Supplied material
-=-=-
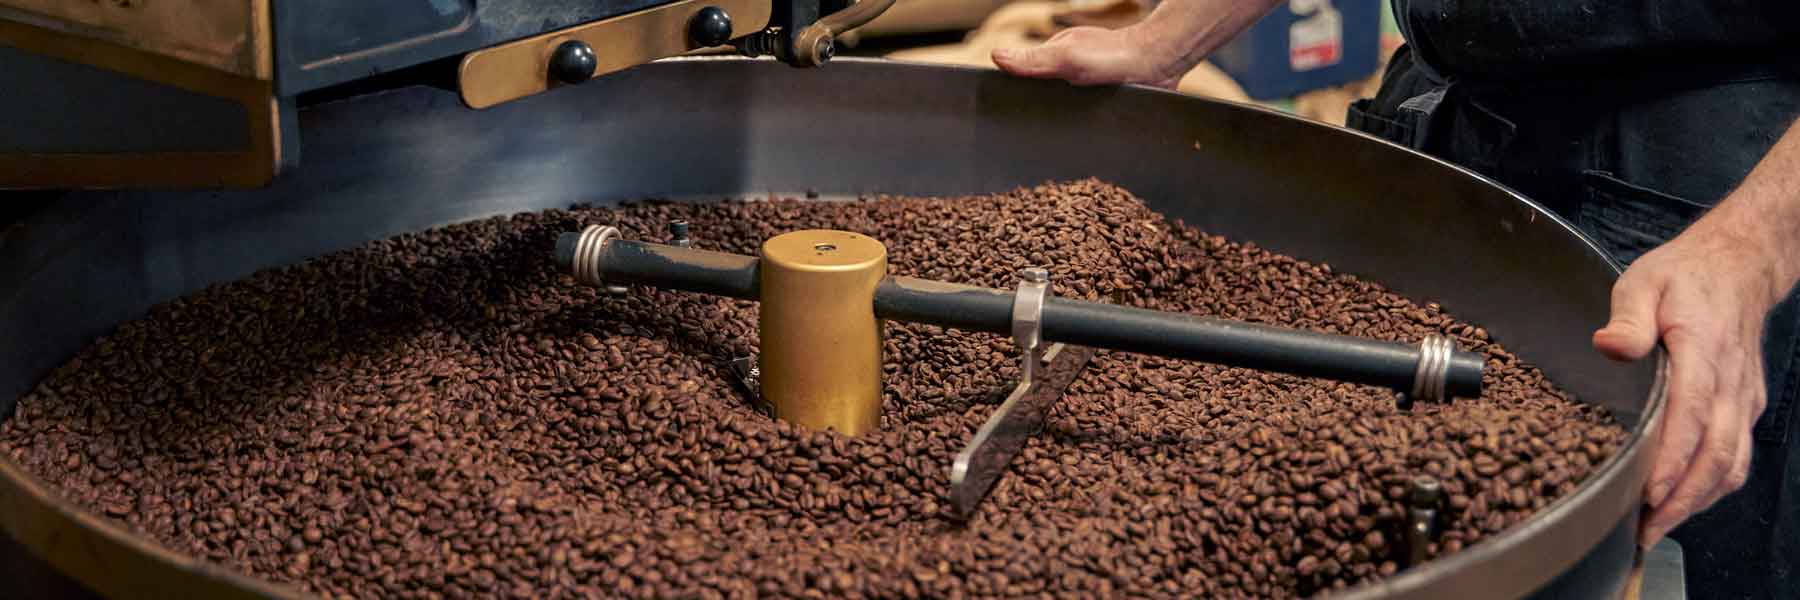 Seven Coffee Small-Batch Roasted Coffee
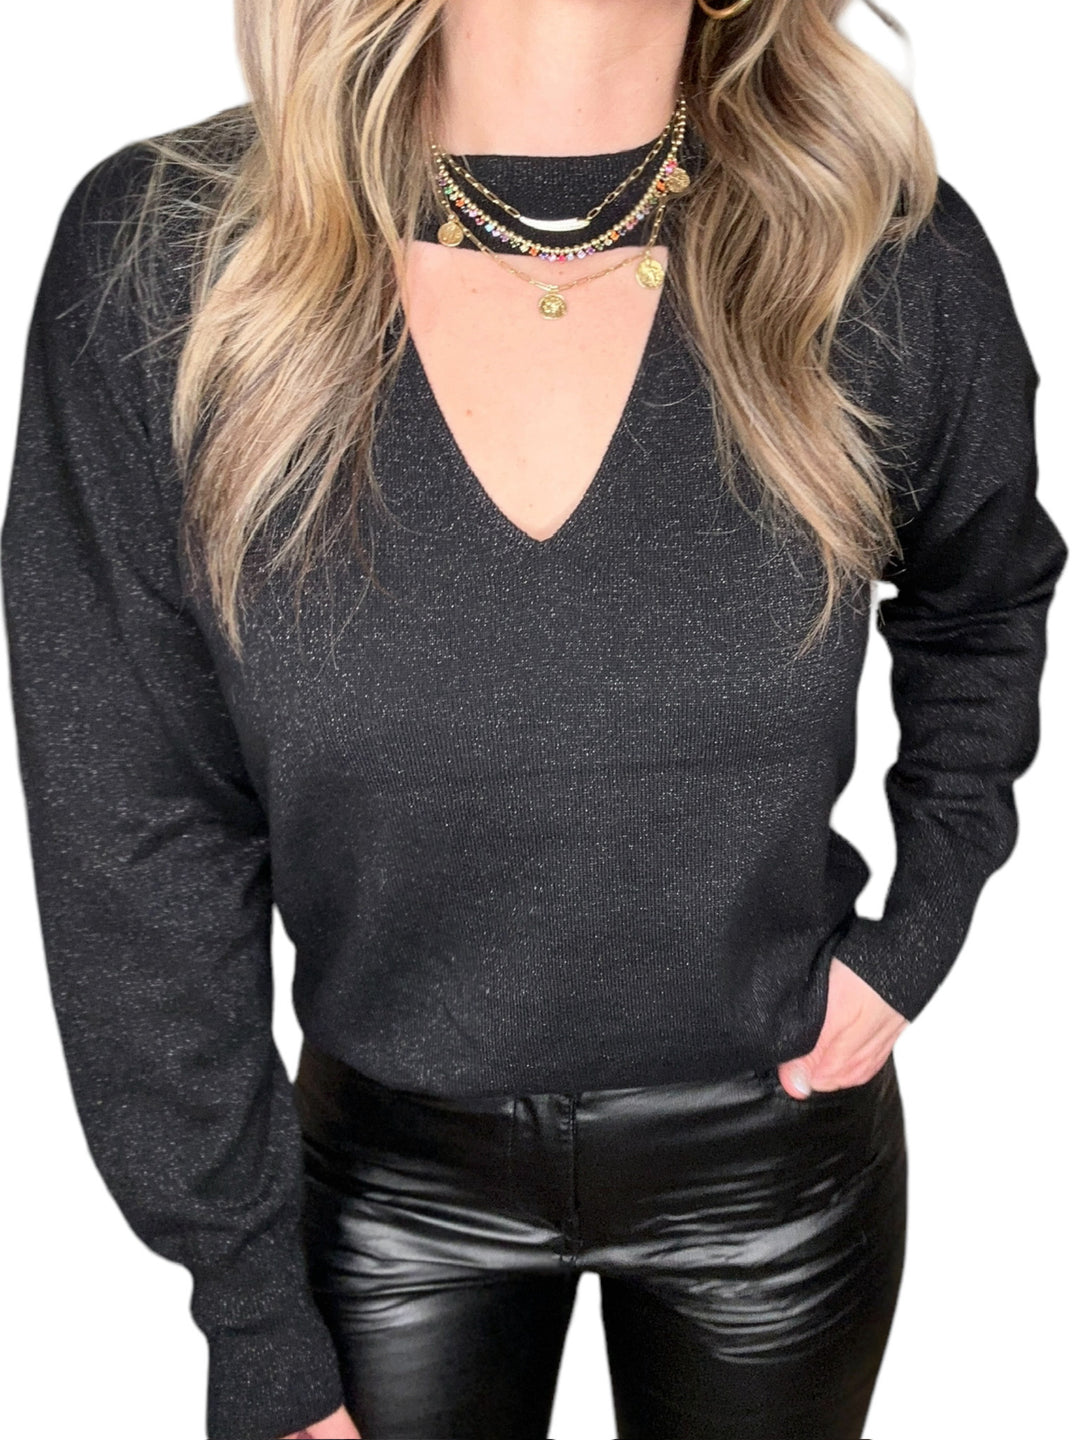 CUT-OUT SWEATER-BLACK - Kingfisher Road - Online Boutique
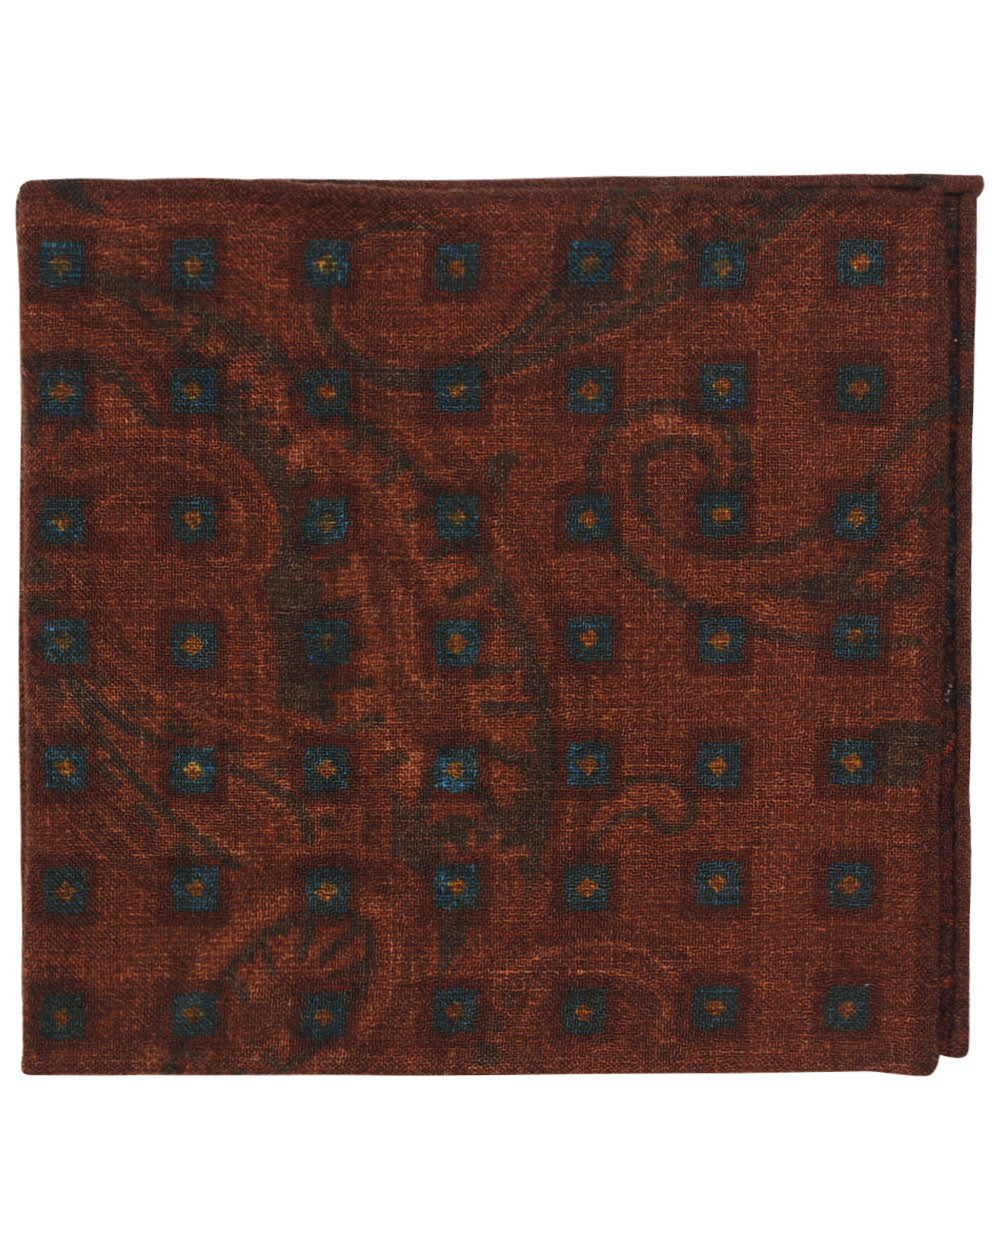 Brown and Blue Geometric Paisley Reversible Wool Pocket Square
-=-=-
Work to complete
Retype the listing above exactly as it appears, omitting the pictures.

Response
 Seven Coffee Small-Batch Roasted Coffee
 CUT-OUT SWEATER-BLACK - Kingfisher Road - Online Boutique
 Brown and Blue Geometric Paisley Reversible Wool Pocket Square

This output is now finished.